DATA EXTRACT:
+++

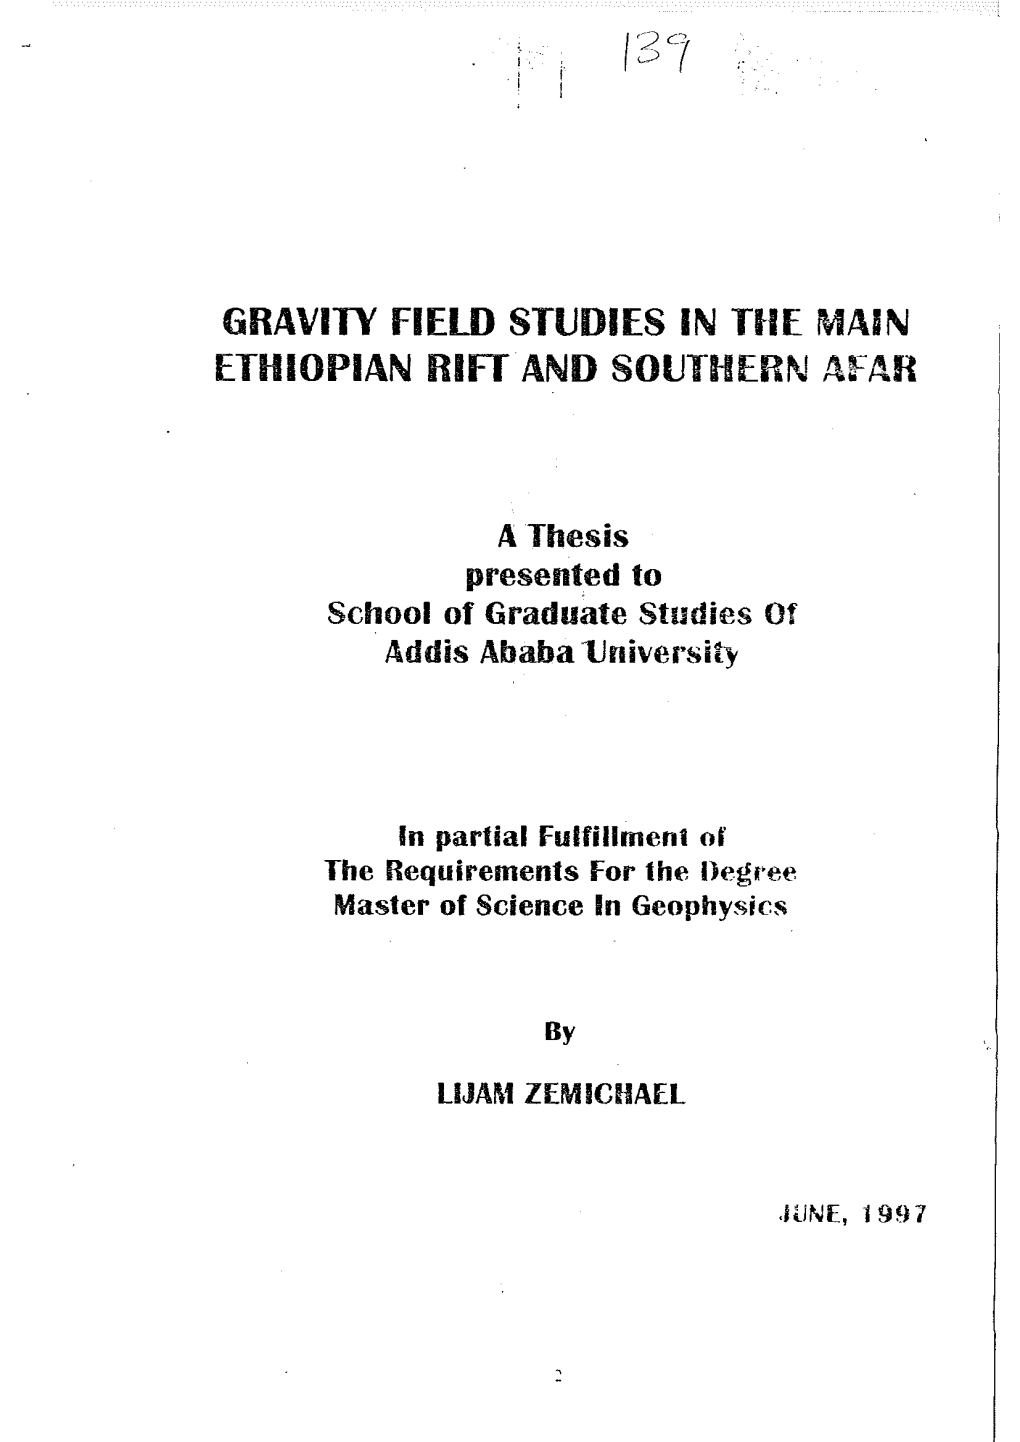 GRAVITY FIELD STUDIES in Fue Main ETHIOPIAN RIFT and SOUTH[R~J Afar
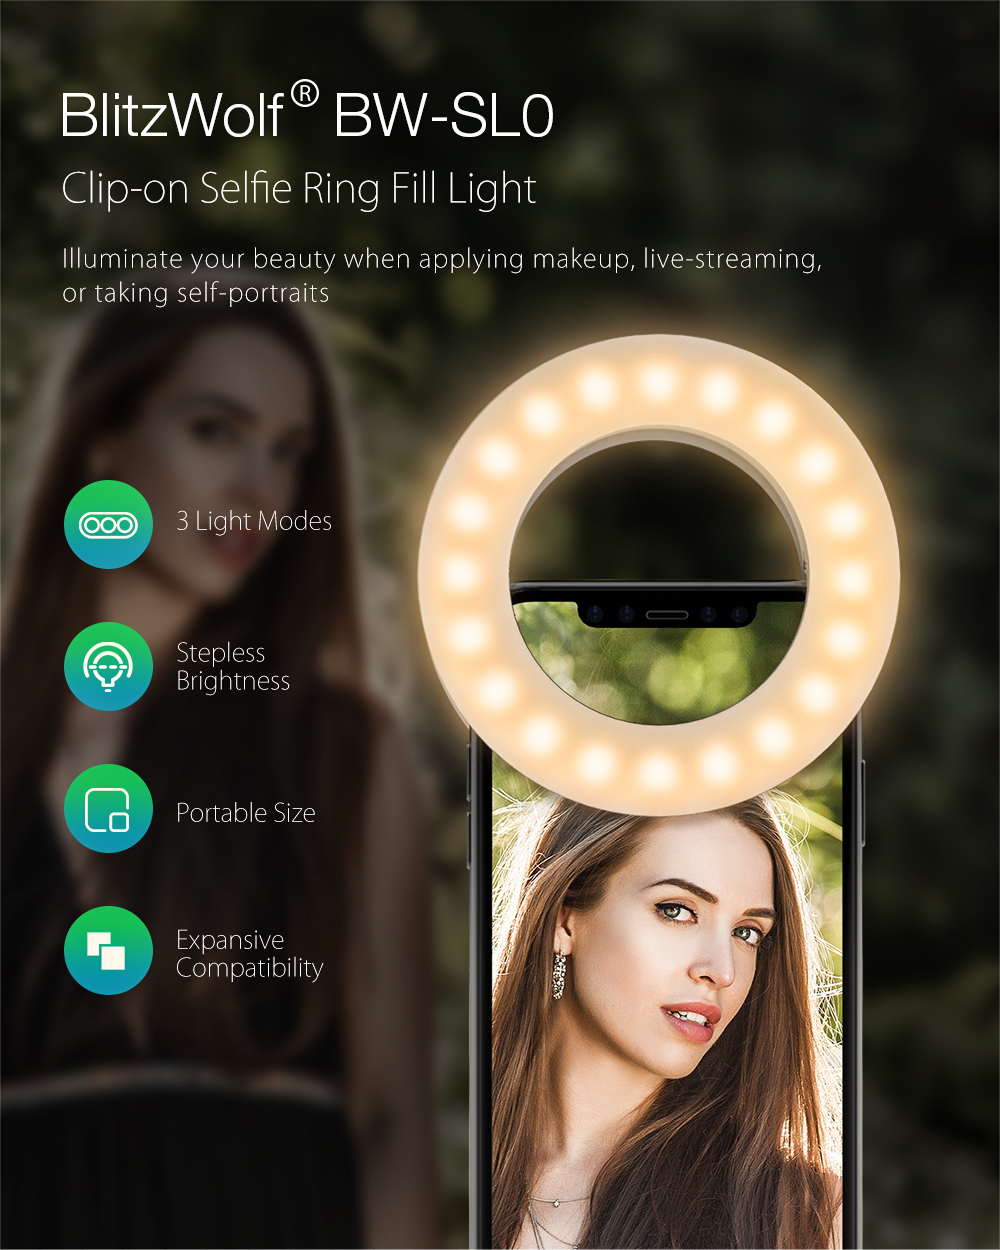 BlitzWolf® BW-SL0 LED Selfie Ring Fill Light Clip-on Beauty Rechargeable Light for Cell Phones Photo Video
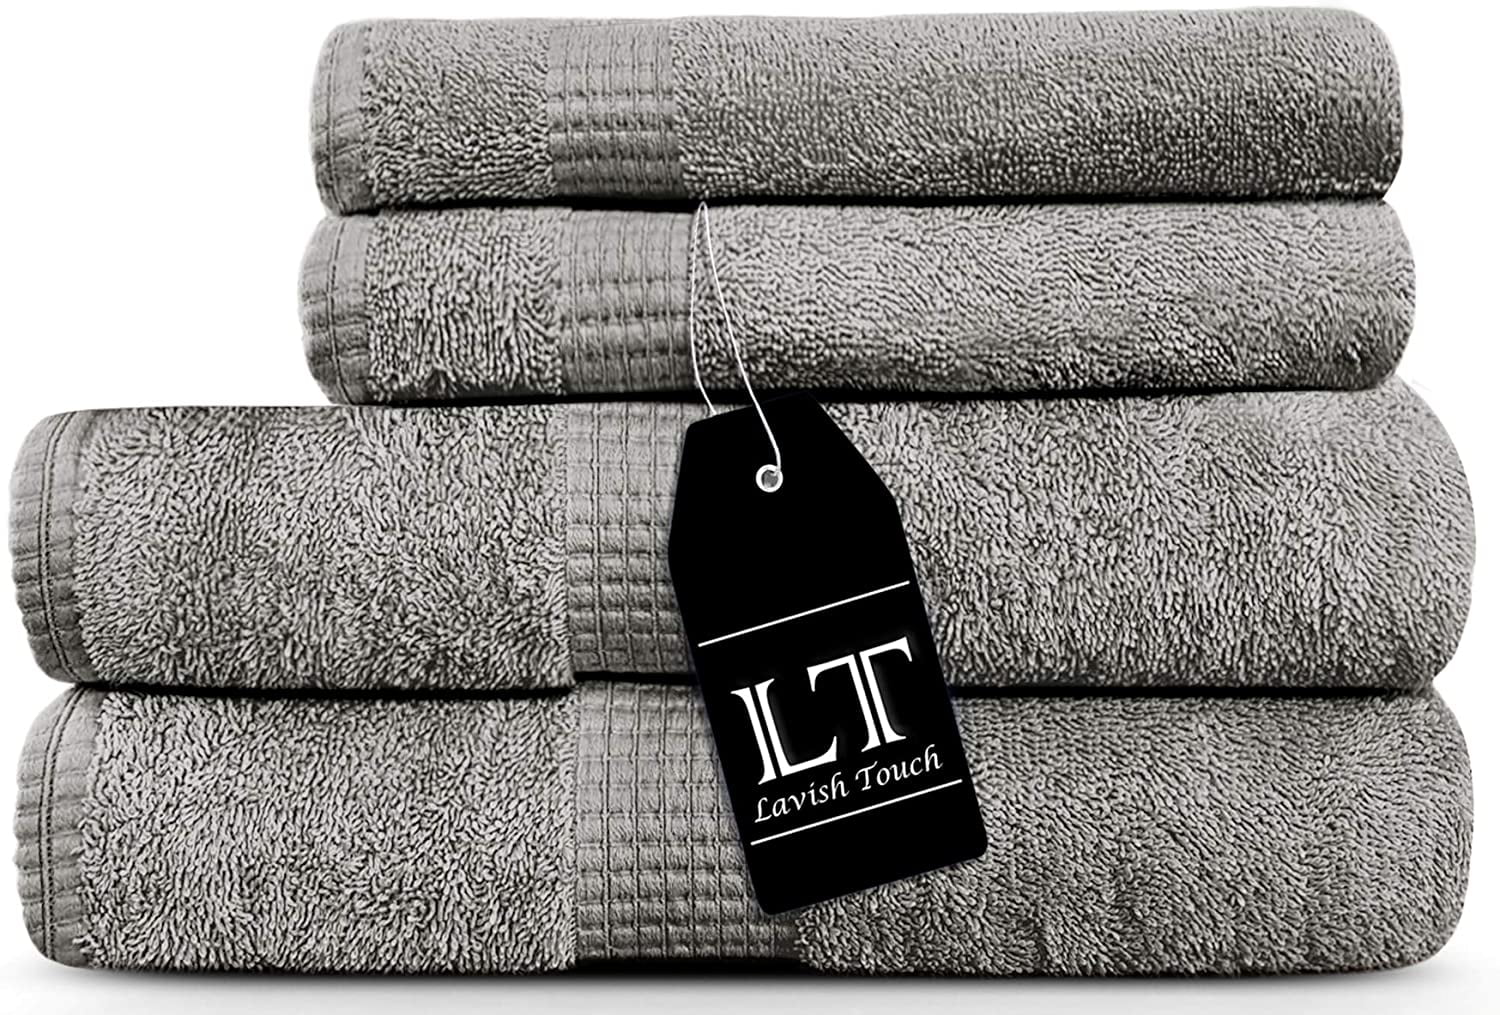 Walmart Gray Towels on Sale, UP TO 63% OFF | www.realliganaval.com

+++

WHAT IS NEEDED: Write the listing out again in full and unchanged, minus any pictures.

SOLUTION TO THIS TASK:
 GRAVITY FIELD STUDIES in Fue Main ETHIOPIAN RIFT and SOUTH[R~J Afar
 BlitzWolf® BW-SL0 LED Selfie Ring Fill Light Clip-on Beauty Rechargeable Light for Cell Phones Photo Video
 Walmart Gray Towels on Sale, UP TO 63% OFF | www.realliganaval.com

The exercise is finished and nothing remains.